Nvidia says it will stop selling GPUs to companies engaging in unethical AI projects.
“We only sell to customers that do good,” Nvidia CEO Jensen Huang told journalists on Wednesday. “If we believe that a customer is using our products to do harm, we would surely cut that off."
Nvidia's GPUs have played a pivotal role in developing ChatGPT, which is taking the world by storm. The AI-powered chatbot from OpenAI was reportedly(Opens in a new window) trained using the help of tens of thousands of Nvidia A100 chips, which can individually cost around $10,000.
The arrival of ChatGPT has shown that “generative AI” programs may forever change society—for both good and bad. For example, it’s not hard to imagine existing and next-generation AI programs being abused to spread propaganda, create deepfakes, or pump out malware capable of hacking computer systems.
In response, Nvidia’s Huang says his company will pull the plug on companies found misusing its GPUs for malicious AI programs. However, he notes “it’s harder” for Nvidia to quickly crack down since Nvidia only supplies the components to buyers.
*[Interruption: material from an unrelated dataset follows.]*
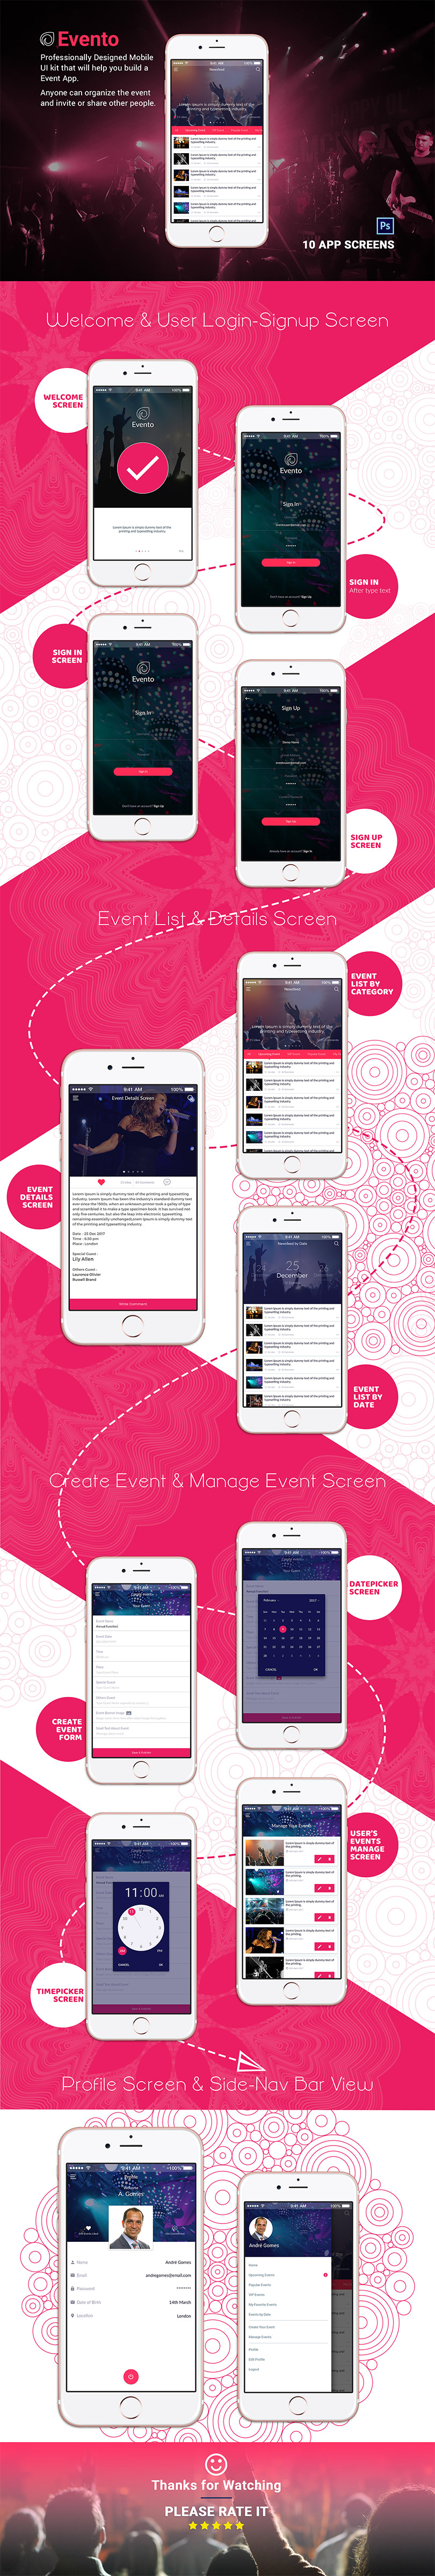 Event Mobile App Design | EVENTO | Free Download | Designpex
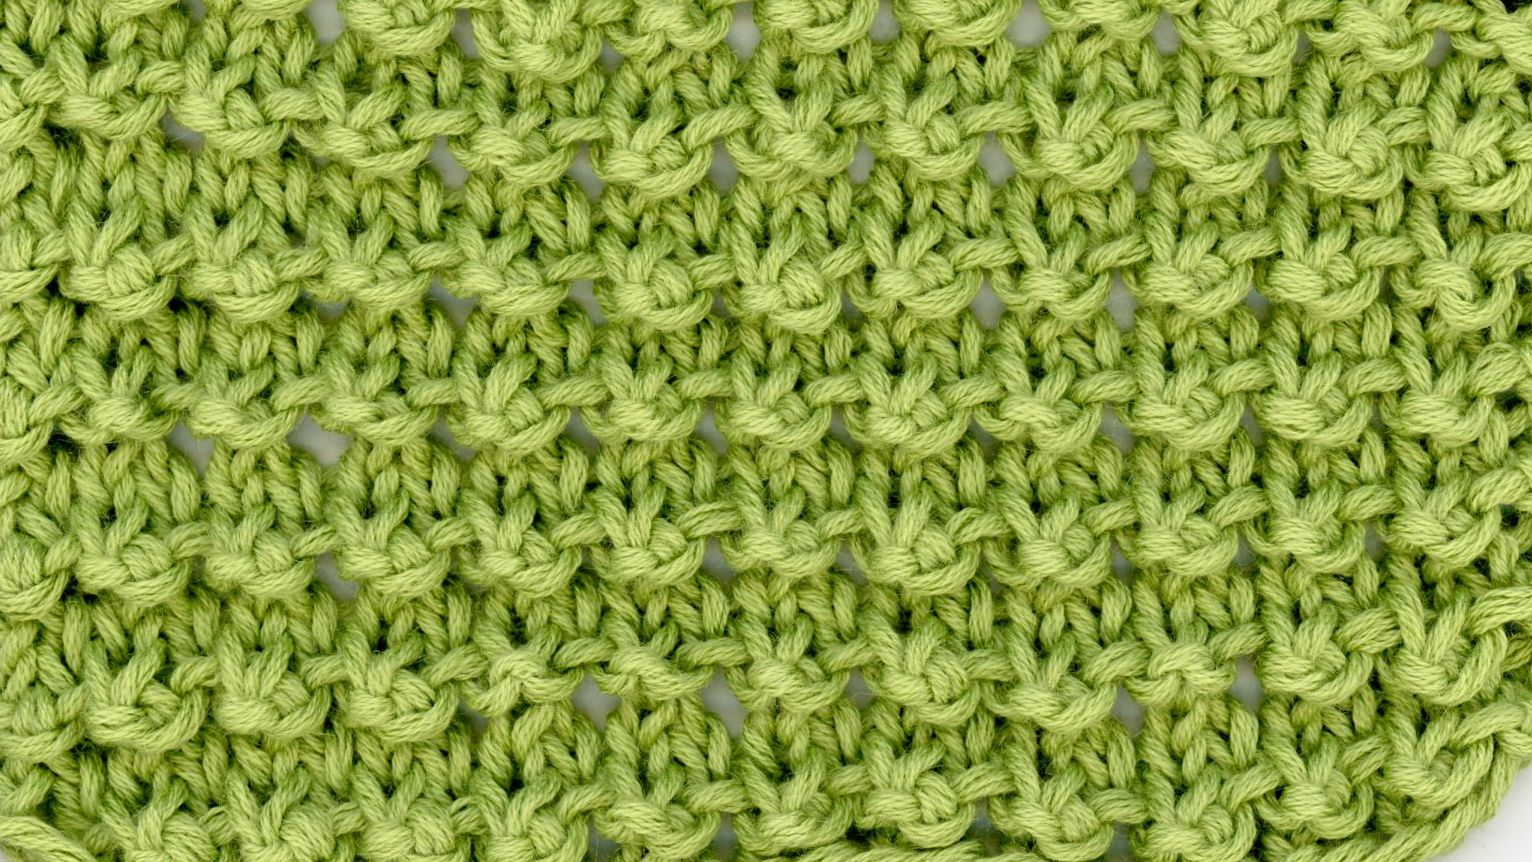 green textured knitting stitch pattern

It doesn’t directly run generative AI programs for consumers, like OpenAI, Microsoft, and Google are doing.
Jensen also didn’t mention under what specific situations Nvidia would cut off a customer’s access to the company’s GPUs. Some groups, including the developers of the right-wing, free speech social network Gab, plan on creating their own AI-powered chatbots, but want to remove any guardrails on what the programs can say.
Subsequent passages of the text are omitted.